The 2006 SE Charger: Detroit Yells a Rowdy Howdy
This article is from the archive of The New York Sun before the launch of its new website in 2022. The Sun has neither altered nor updated such articles but will seek to correct any errors, mis-categorizations or other problems introduced during transfer.

I’m a good ol’ boy from Louisiana who despises the Confederate flag and doesn’t think much of General Robert E. Lee.
But I’ve long kept a die-cast model of “the General Lee” on my desk, replete with its rooftop rebel banner, big “01” side-panel markings and racing-orange exterior paint.
The General Lee is a 1969 Dodge Charger R/T, the motorized star of “The Dukes of Hazzard” TV comedy, aired on CBS from 1979 to 1985.
I loved that car – a quintessential Detroit muscle machine, heavy on power but lacking in grace. Thus, choosing this week’s test vehicle was easy. Simultaneously arriving for review were the 2005 Mazda RX-8, the 2006 Land Rover Range Rover supercharged luxury sport utility vehicle, and the 2006 Dodge Charger SE.
The SE is the base edition of the new Charger line rolling into Dodge showrooms across America. “Base” means a 3.5-liter, 250-horsepower engine; a plain-as-grits interior with cloth seats; 17-inch-diameter steel wheels and black sidewall tires.
The Charger SE was the undisputed commoner among the royalty in the driveway. But after I sat behind its steering wheel and put its five-speed automatic transmission in “Drive,” I kept moving.
There was more than nostalgia to this one. Nostalgia is the stuff of memory, and memory can be betrayed by extant reality. If what you’re driving is bad, what you remember as good doesn’t matter. You’re disappointed. You want to get out.
I stayed in. Even with its supposedly base V-6 engine, the Charger SE was a gutsy runner. The absence of optional extras – sunroof, fancy instrument panel, leather-surfaced seats, leather-covered shifter knob and bragging-rights exterior logos – simply meant fewer distractions. This was the car as solo entertainment, and it performed well.
I toyed with the idea of driving to Suffolk, Va. Ben Jones, the singer who played Crazy Cooter in the original “Dukes of Hazzard” TV series, was performing there July 22 with his Cooter’s Garage Band. Promoters for the concert said “the General Lee” also would be there, and I wanted to see the car more than I wanted to hear Mr. Jones. But that would have meant a 400-mile round-trip from my home in Arlington, Va., and, as I said, there were two other cars waiting in the driveway.
But I made the best of my time in the Charger SE – taking back roads, taking advantage of the many twists and turns in Virginia’s Shenandoah Valley, hunting for curves. Some rest-stop spectators were disappointed that the Charger in my possession was not the “real Charger,” as several of them put it. They were referring to the new Charger R/T with its humongous 340-horsepower, Hemi V-8 engine.
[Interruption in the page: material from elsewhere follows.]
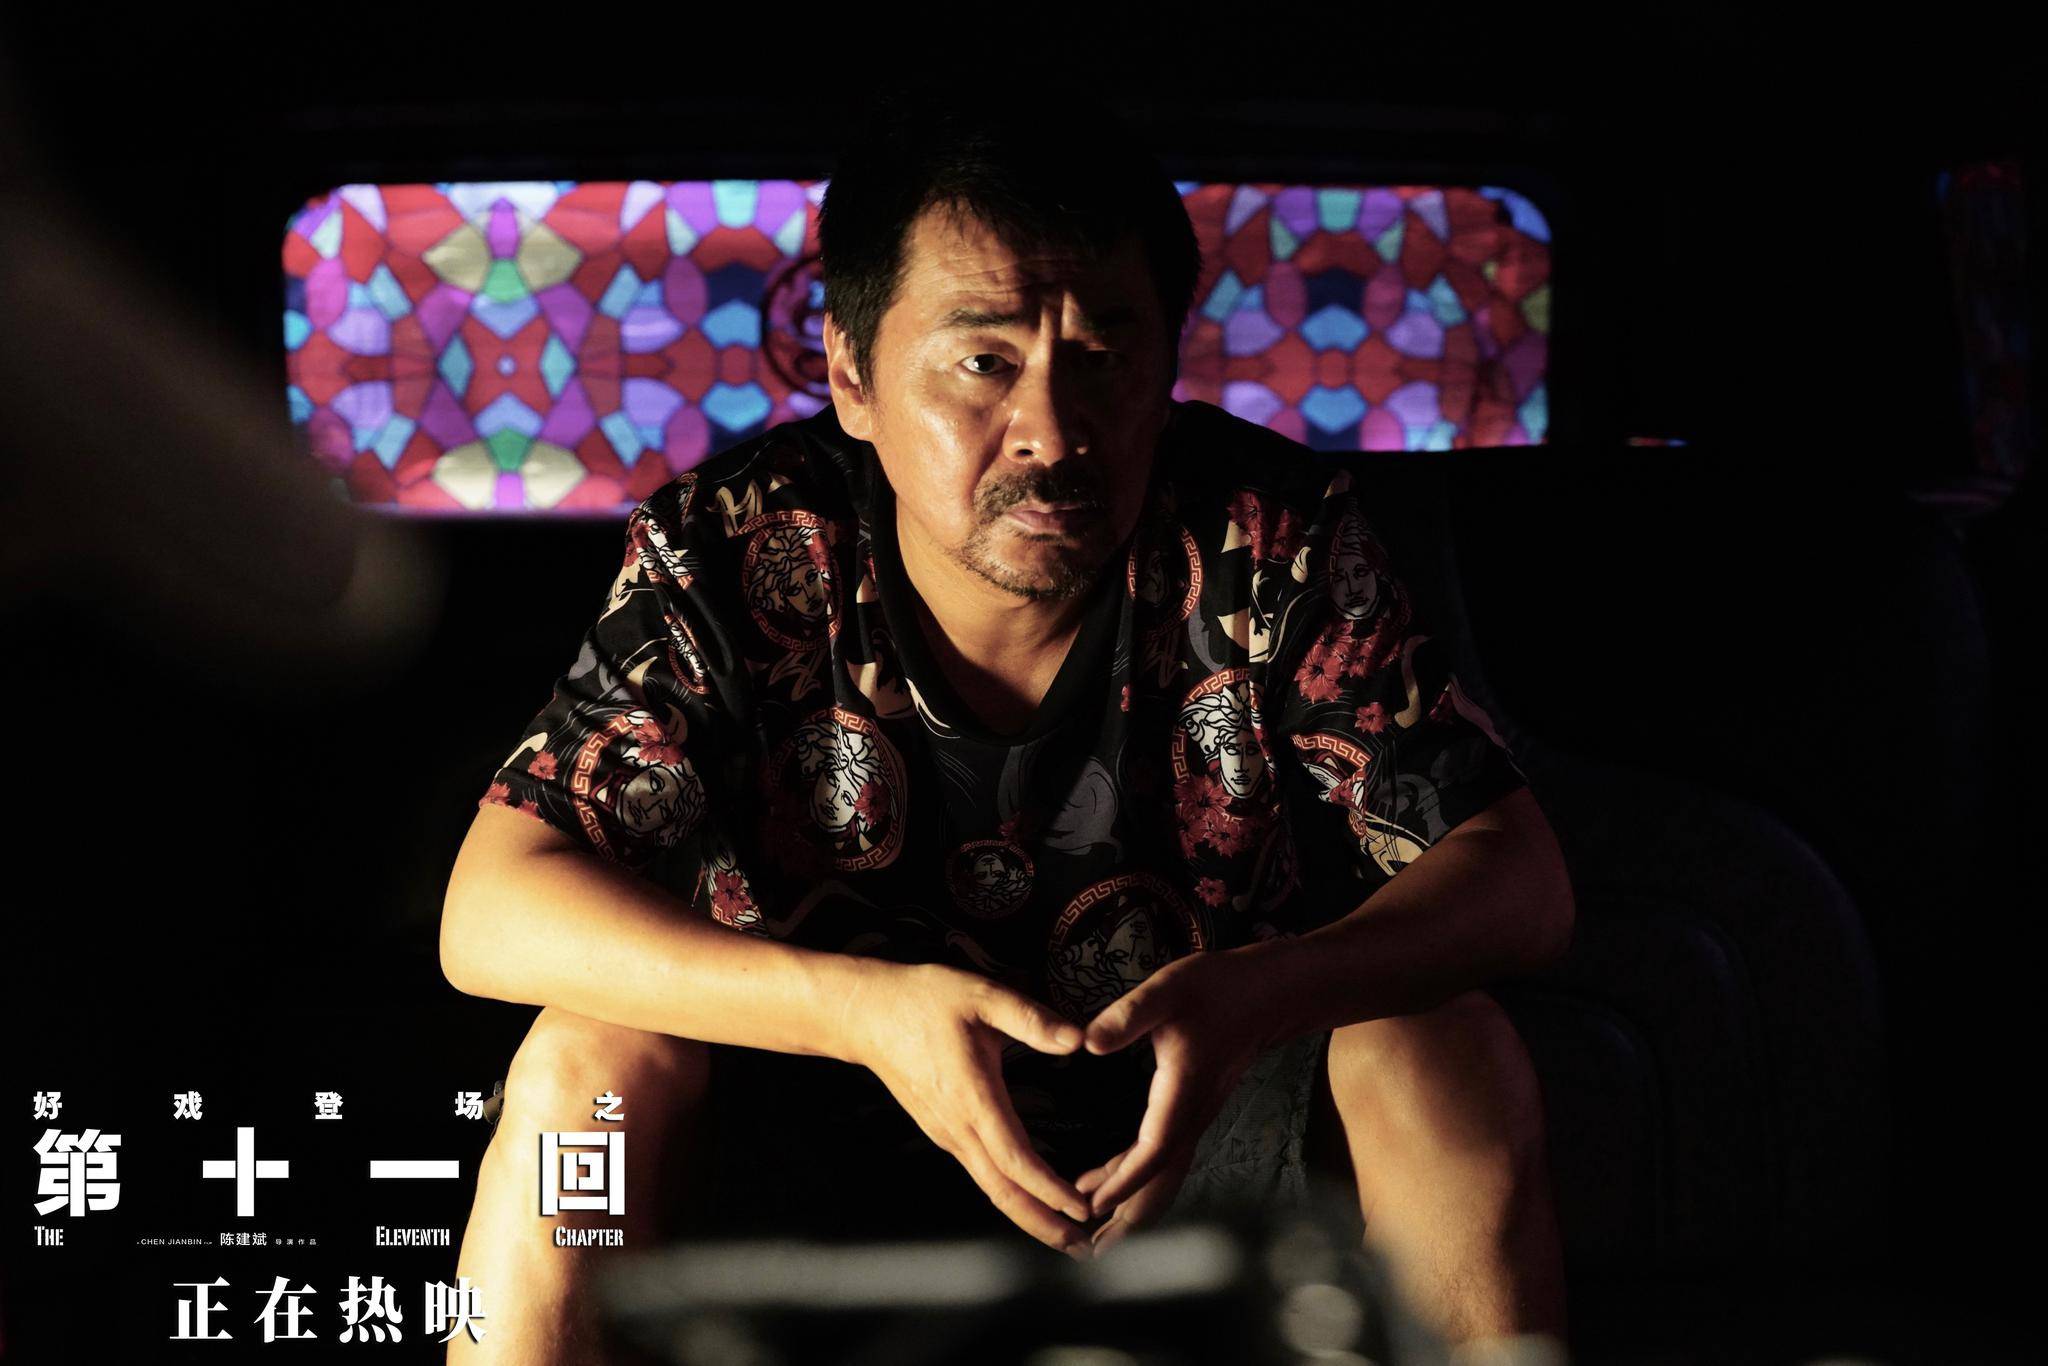 电影《十一》激发了人们对陈建斌送去生活的“甜豆腐”的深刻思考。

I told them the Charger SE was real enough, that you could go to jail in it just as quickly as you could in the new R/T or the tricked-out Daytona R/T, which comes with a Hemi V-8 and a golly-Miss-Molly, holy-cow, slap-dang appearance package. But Charger SE detractors were not impressed. Perhaps they’ll change their minds when they get a chance to drive the car.
The 2006 Chargers come from good stock. They share the rear wheel-drive platform used in the popular Chrysler 300 sedan and Dodge Magnum wagon. That means they also have four doors instead of two, the configuration of “the General Lee” and the original Charger coupe, introduced in 1966.
Some purists are complaining about the design change. But they’ll have to get over it, just as I’ll have to overcome my animosity toward a cross-barred flag that no longer means to most of its modern bearers what it has always meant to me.
Change happens. Two doors become four to serve new-generation drivers and passengers who have different ideas of automotive convenience and comfort. A rectangular piece of cloth that symbolized slavery and bigotry to many, and rebellion against federal intrusion to others, has morphed into a surrogate checkered flag flown in victory at NASCAR races.